**PROBLEM TO SOLVE**
Beginning with the line that holds "Studies in Low-Intensity", copy every remaining line of the listing below exactly, and leave the pictures out.

**DATASET EXCERPT**
• • • •
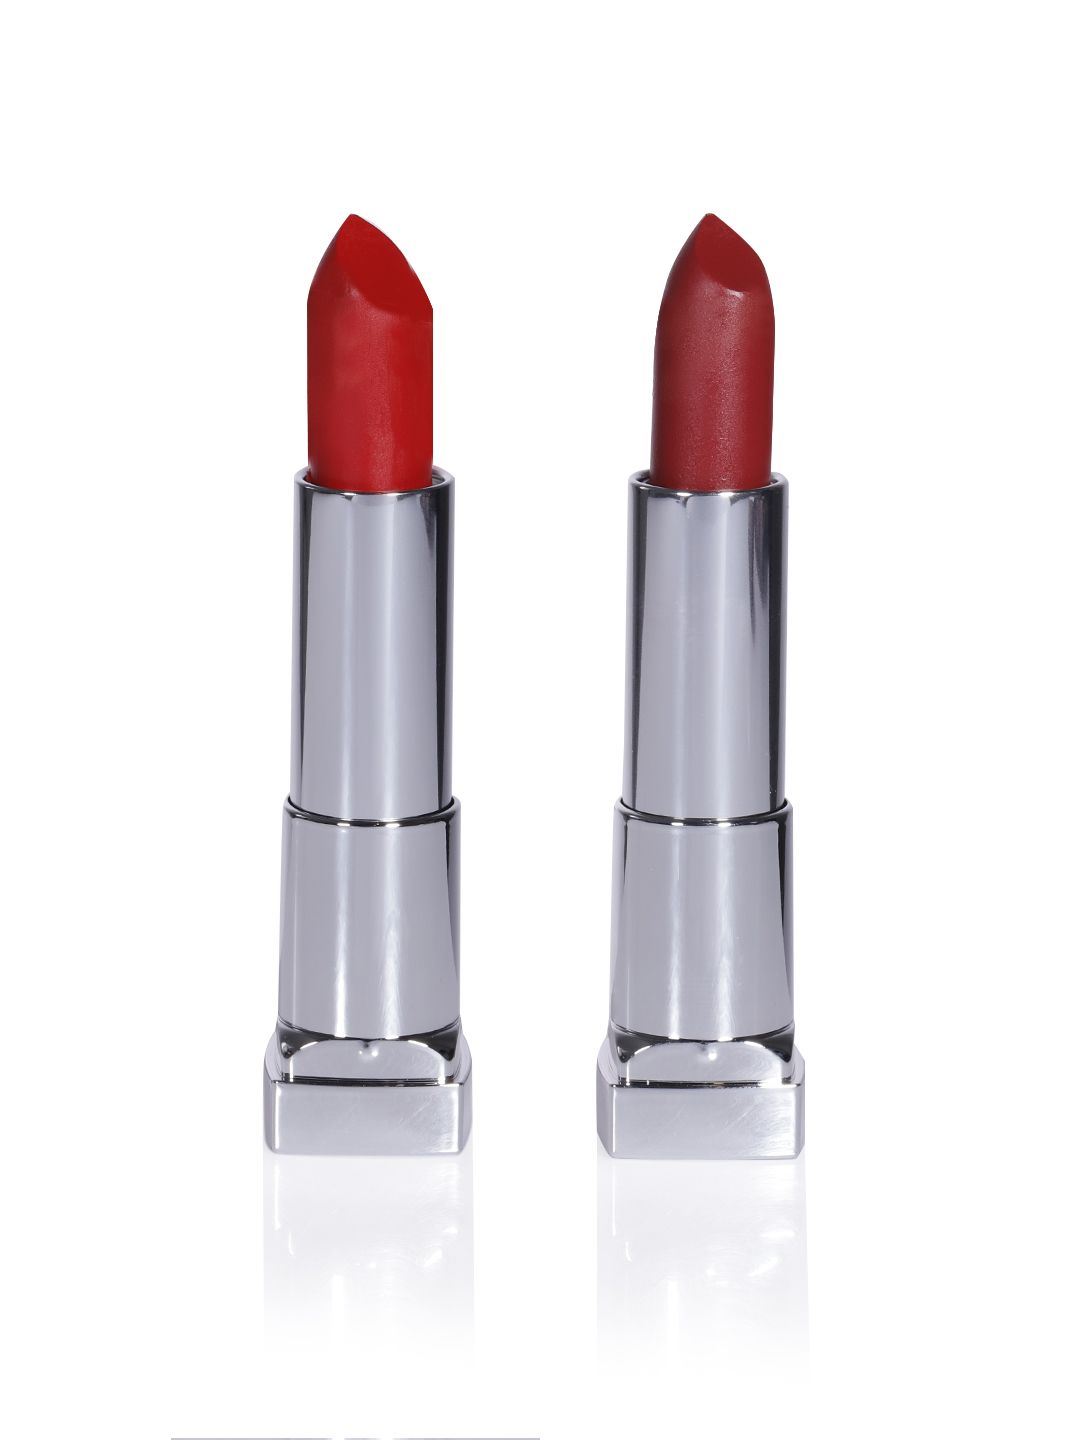 Maybelline New York Set of 2 Creamy Matte Lipsticks - Rich Ruby & Divine Wine Price in India
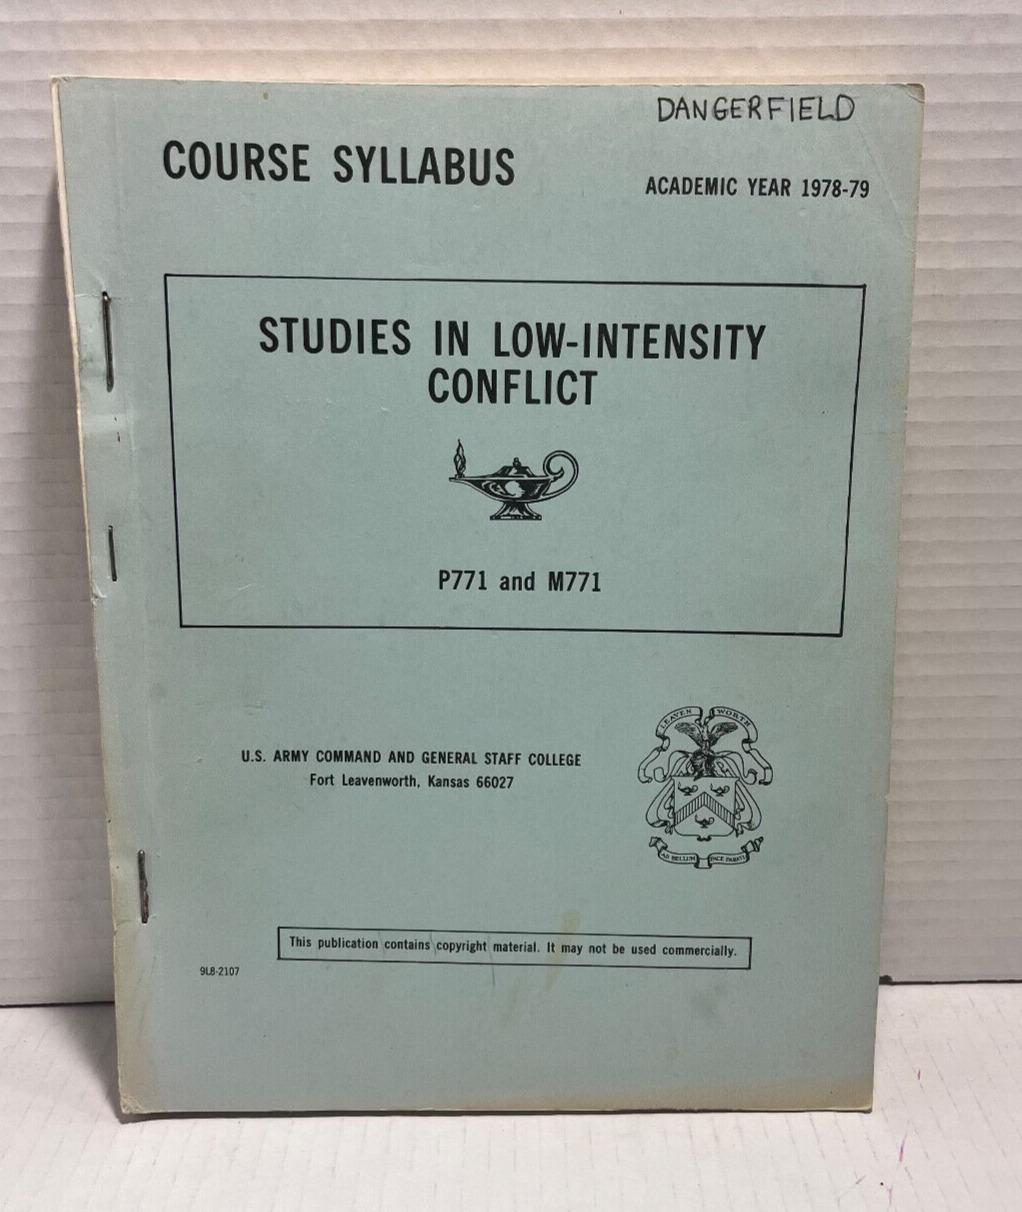 Studies in Low-Intensity Conflict U.S. Army 1978-79
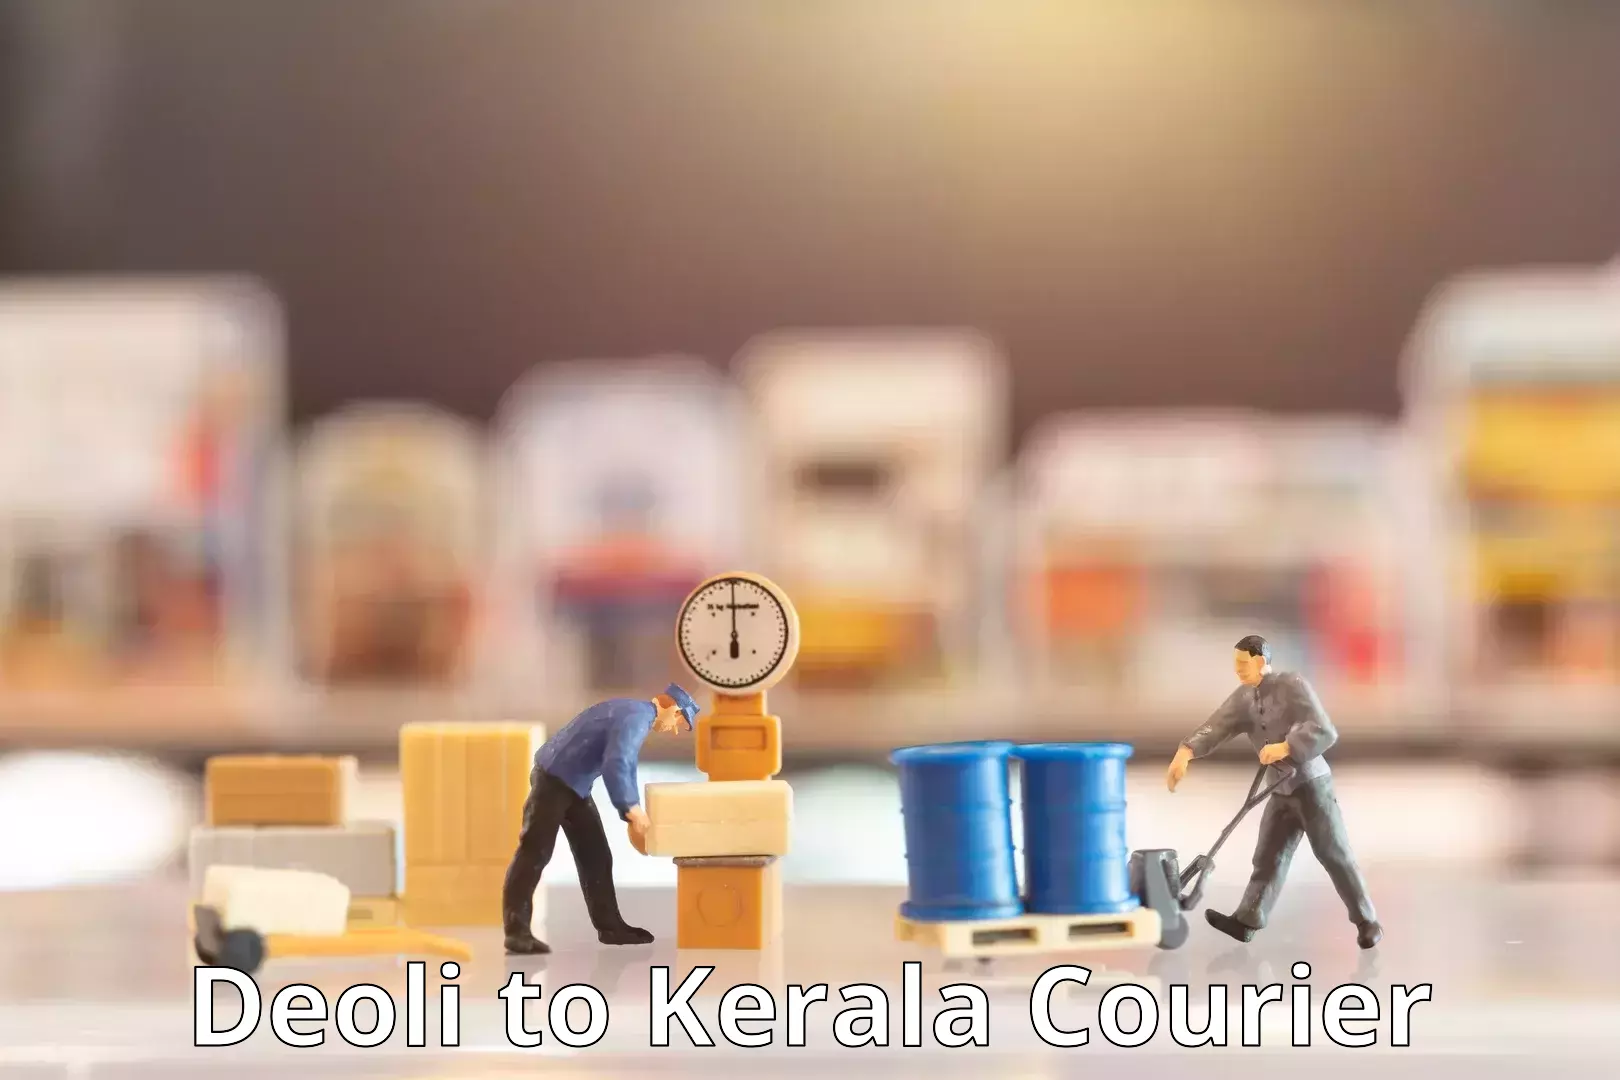 Quick booking process in Deoli to Kerala
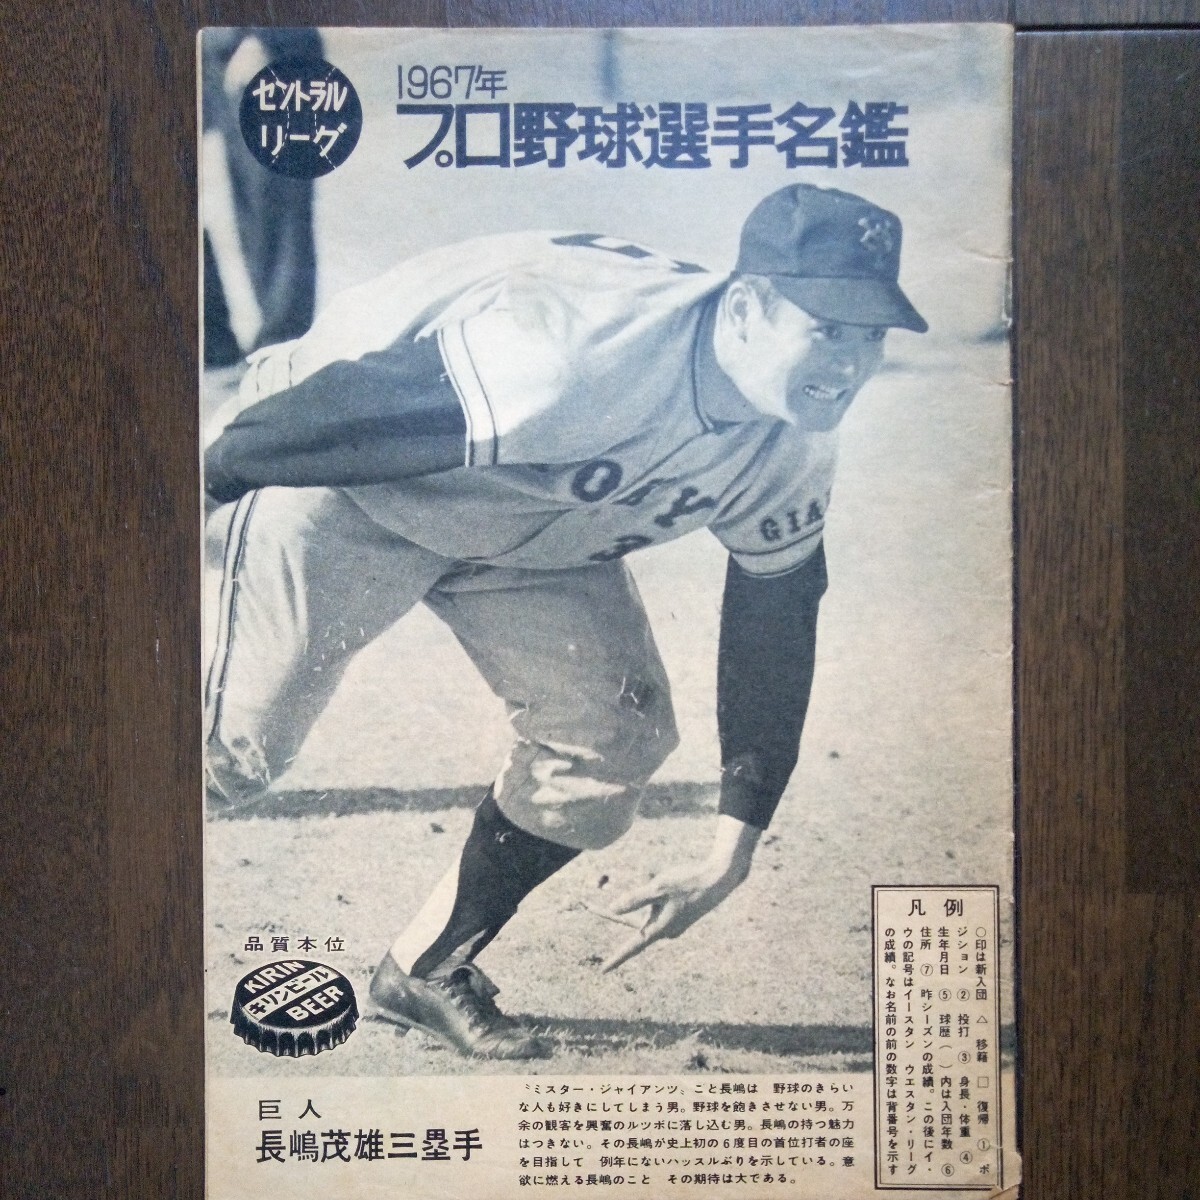 1967 year Professional Baseball player name .
• • • •
**ANSWER SECTION**
 Studies in Low-Intensity Conflict U.S. Army 1978-79
 Quick booking process in Deoli to Kerala
 1967 year Professional Baseball player name .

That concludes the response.